I could not bear to be deceiving you. You
will sneer at this, and say I have been
deceiving you all along; I swear I have
not. You will think that the very silence for
which you reproached me in the letter just
received has been owing to my dislike to
tell you of the change in affairs. I swear
it has not. I had no idea until this morning
that Mr. Creswell liked me in any
especial way; certainly none that he would
ever ask me to become his wife.

"When he asked me, I had not had your
letter. If I had, it would have made no
difference in the answer I made to Mr.
Creswell, but it deepens the pain with
which I now write to you, showing me, as
it does to an extent which I did not before
quite realise, the store which you set by
what is now lost to us for ever. I do not
say this in excuse of myself, or my deeds; I
have no excuse to make. I have tried, and
tried hard, to live in the position of life in
which I have been placed.

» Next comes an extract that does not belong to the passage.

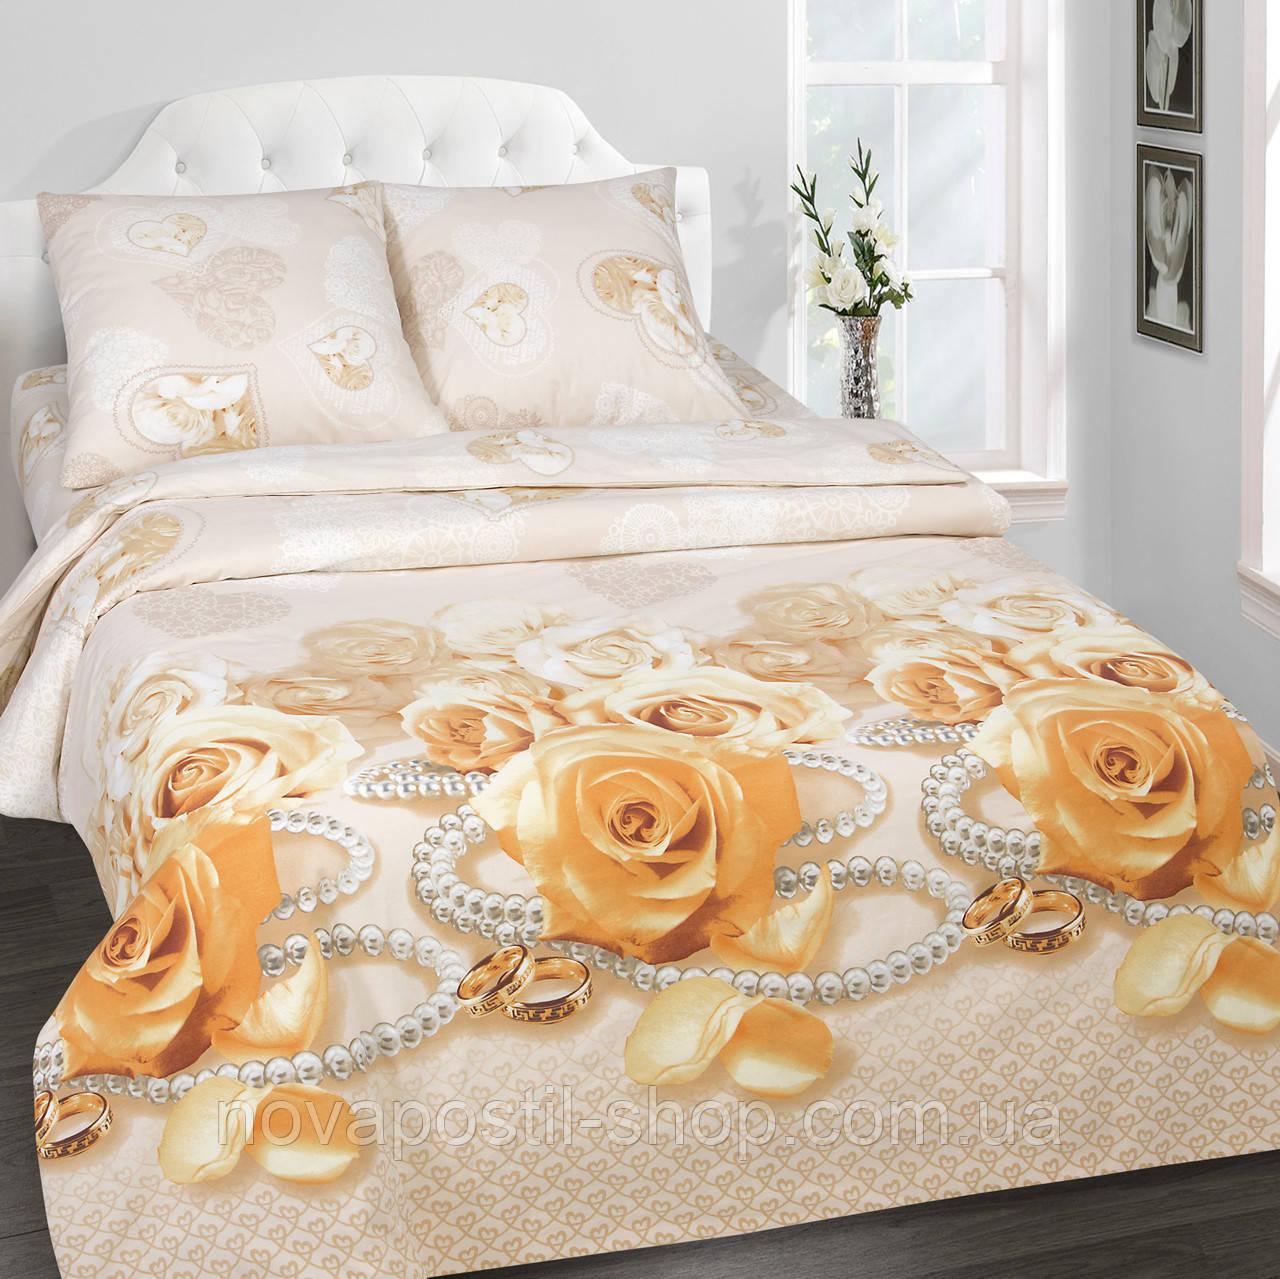 Постельное белье поплин, Комплект Идиллия (с розами и жемчугом)

I have struggled
with poverty, and tried to face the
futurewhich would have been worse than
poverty, penury, misery, want perhaps
with calmness. I have failed. I cannot
help it, it is my nature to love money and
all that money brings, to love comforts and
luxuries, to shrink from privation. Had I
gone straight from my father's death-bed to
your house as your wife, I might perhaps
have battled on, but we came here, and I
cannot go back. You will be far happier
without me when your first shock is over.